Paddling downstream on the Luxapallila about halfway between Gunshoot Road in Steens and Highway 12, you come to a cypress slough stretching back to the north in the direction of Jemison Mill Road.
Unlike the rushing river, the water of the slough is dark, placid and vaguely mysterious. The cypress trees are far enough apart — at least some of them are — to allow a kayak. The intruding paddler is apt to startle the inhabitants of the slough, who, in their haste to flee, startle the paddler.
Our early morning run seemed to be ending too soon, so my paddling buddy, Ross, and I entered the slough and began to explore its perimeter. Thanks to recent rains, new tributaries trickled out of the surrounding forest.
I turned into a stream not much wider than my kayak and was soon enveloped in fragrant green. Blooms from a mimosa leaning over the stream floated on the water. Ahead was a waist-high beaver dam. The acre or two pool created by the dam was covered with water lilies, their yellow flowers on the verge of blooming.
I got out of my boat and approached the dam; for some reason, the phrase, “Walk to Paradise Garden” popped into my head.
Though it’s the title of a W. Eugene Smith photograph, it seemed to describe the setting.

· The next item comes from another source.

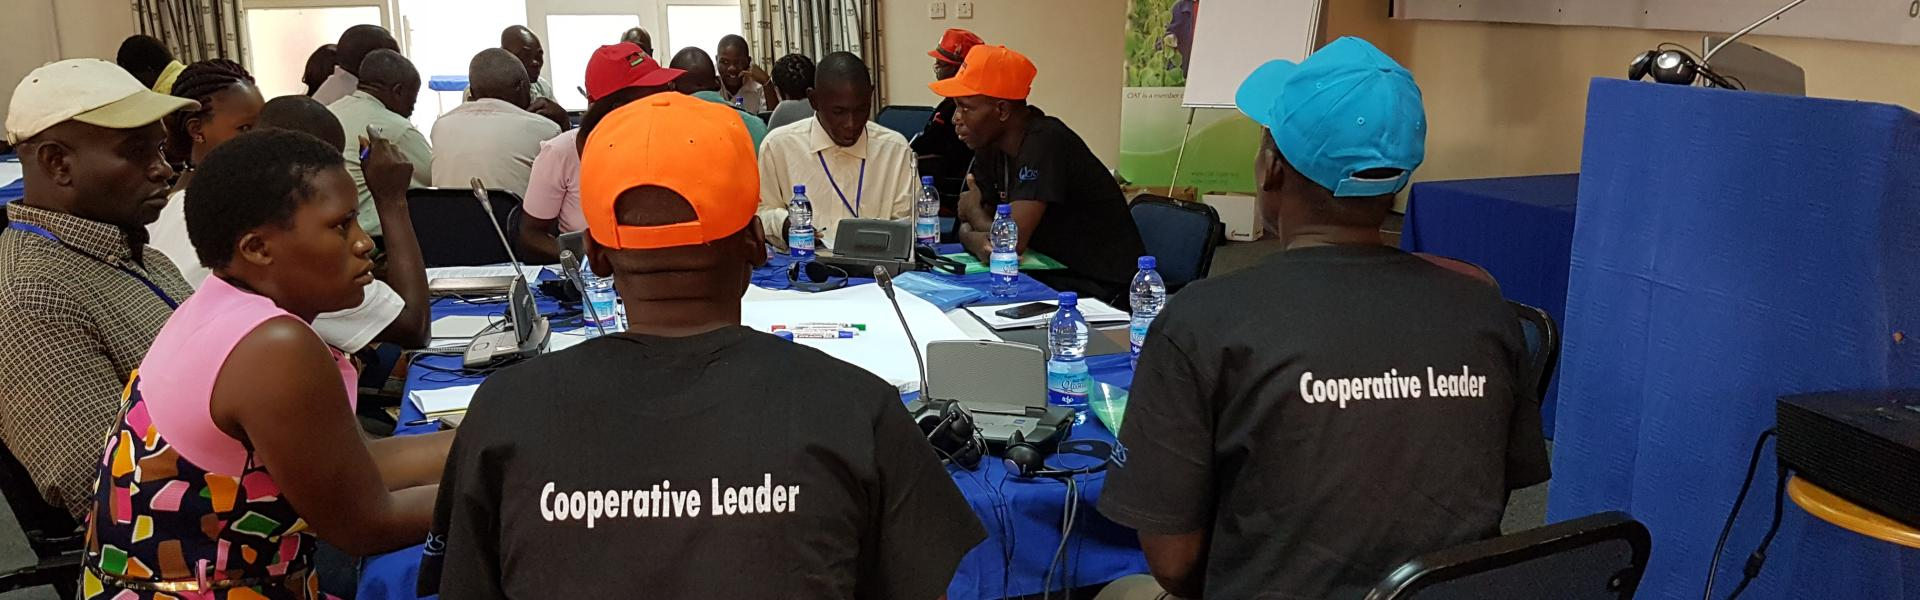 Cooperative Leadership Event: Malawi, 2016

You may not recognize it by name, but you probably know the photograph, a picture of two small children, taken from behind, holding hands and walking together out of a dark forest into the light. Smith’s picture is emblematic of that time, the immediate aftermath of the Allies victory over the existential threat of the Nazis and Japan.
On this, the eve of Memorial Day, conditions surrounding the making of that photograph give it added relevance.
Smith was the photojournalist who created iconic photo essays for Life magazine on subjects as diverse as Albert Schweitzer to a nurse midwife in South Carolina to life in a Spanish village. He was also a war photographer, who covered action in the Pacific during World War II.
Smith was severely wounded while covering his 13th Pacific invasion during World War II. In 1946, when he made the photograph, he had been convalescing for two years, undergoing multiple surgeries and grappling with an emotional crisis rooted in the horrors he had witnessed at Iwo Jima, Saipan and Okinawa. He wondered if he would ever photograph again.
Here’s Smith’s account of the making of “Walk to Paradise Garden”:
While I followed my children into the undergrowth and the group of taller trees — how they were delighted at every little discovery! — and observed them, I suddenly realized that at this moment, in spite of everything, in spite of all the wars and all I had gone through that day, I wanted to sing a sonnet to life and to the courage to go on living it. …
We portaged the kayaks over the dam and paddled the beaver pond, which, as it happens, was full of submerged stumps and fallen trees. Near the dam, crouched under a bush, a large beaver watched our coming and going, probably anxious to begin work on a leaking dam.
Later, back in town, as we were unloading Ross’ kayak, William “Ham” Roberts pulled up beside the trailer and stopped. William, a charter member of the Tombigbee Stump Jumpers, was legendary for his daredevil antics on water skis. In those days — decades before the Waterway — the Tombigbee was hardly more than an oversized creek harboring all manner of underwater hazards. William’s river exploits were fitting preparation for — if one can prepare for such — his two tours of duty as a helicopter pilot in Vietnam.
“I wanted to put oars and a rowing shell seat on one of those, and make it into a row boat,” William said from the window of his Jeep. Ever the river rat, William now cruises the Waterway in a pontoon boat with family and friends spying on wildlife.
“You made an old man envious,” he said later.
About his time in Vietnam, William says he stays in touch with several friends he served with.
“I think a lot about my roommate that didn’t come back,” he said.
Birney Imes III is the immediate past publisher of The Dispatch.